Acceptance of viscocanalostomy may allow surgical treatment of glaucoma earlier in the disease process instead of saving surgery as a last resource, he said.

He and Paul Honan, MD, and others have developed an active interest in alternative medicine, and they brought a course on “energy medicine” to ASCRS for the first time this year in Philadelphia.

These are some of the projects that have kept Dr. Kratz from fully retiring. However, he does enjoy his retirement in other ways.

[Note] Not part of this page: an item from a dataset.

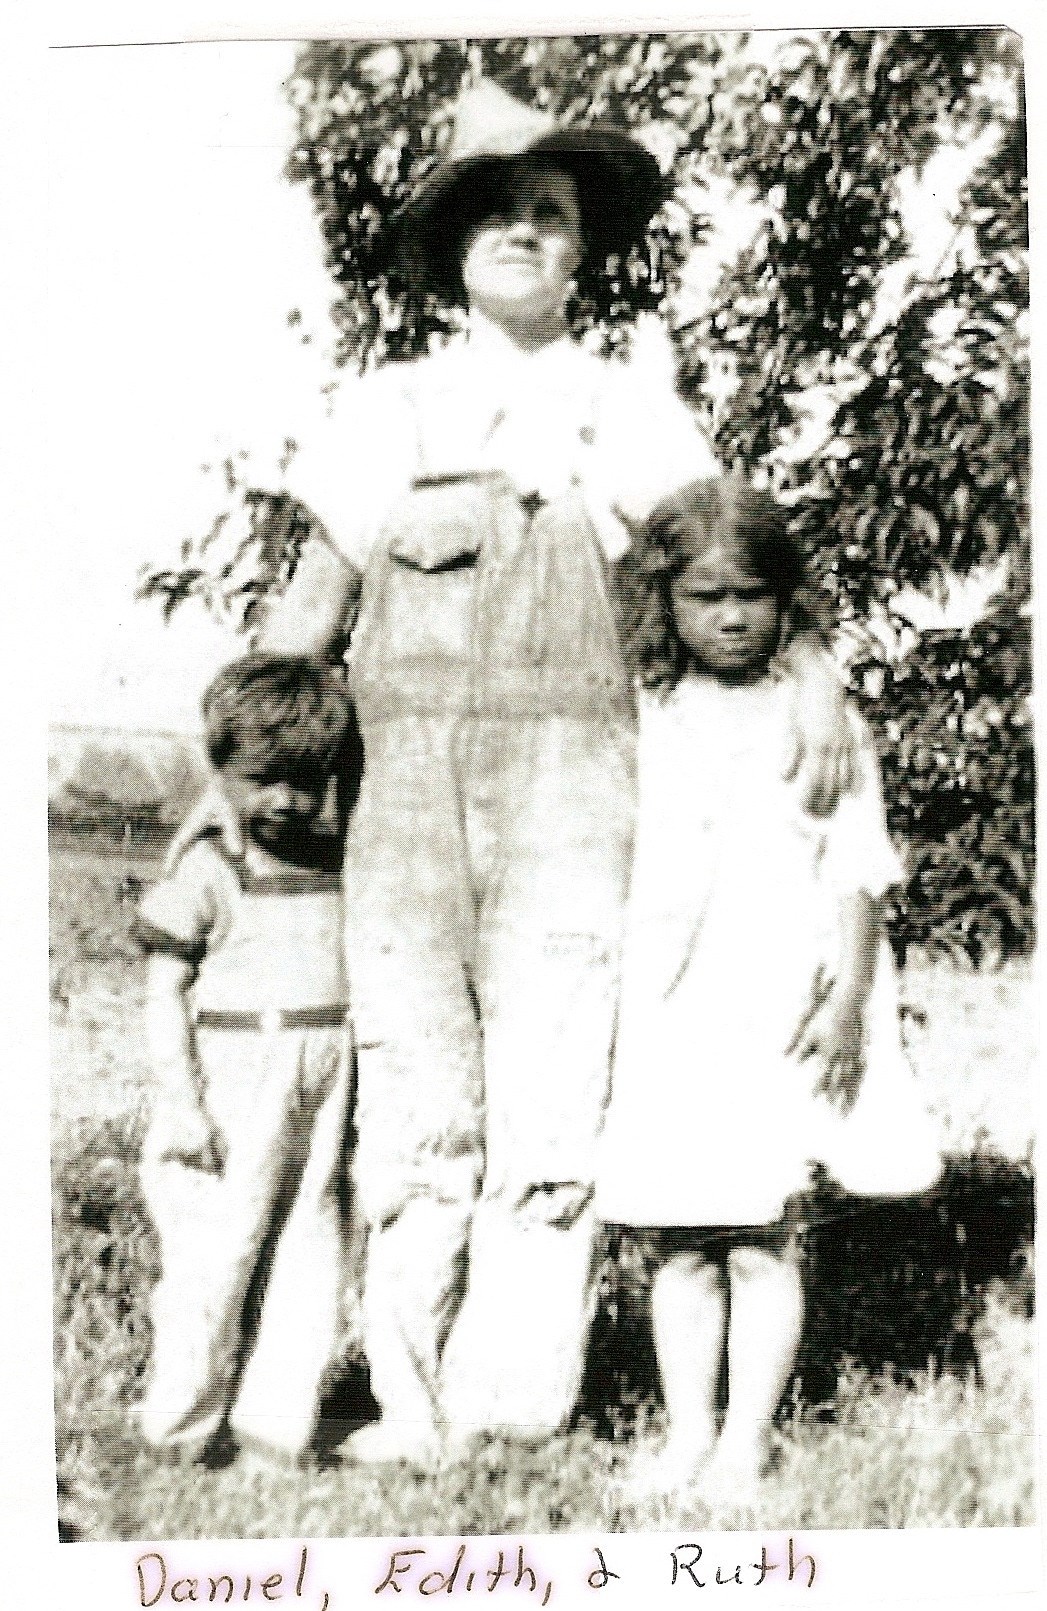 Daniel, Edith and Ruth Hale

Nearly every year he and his wife take a motor home trip to some part of the country. He called his trips “escaping from the phone.” Fishing in Alaska is a favorite pastime, as is bridge.

In the past, he said, he enjoyed hobbies as diverse as scuba diving, sailing, power boating, off-road motorcycling and dune-buggying. At age 82 he has had to lay these more strenuous pastimes aside.

“I haven’t changed, even though I retired, Dr. Kratz said. “My wife says that I haven’t really retired because I’m still working. When I told her that I’m retired because I’m doing what I want, she said in that case you’ve been retired all your life.”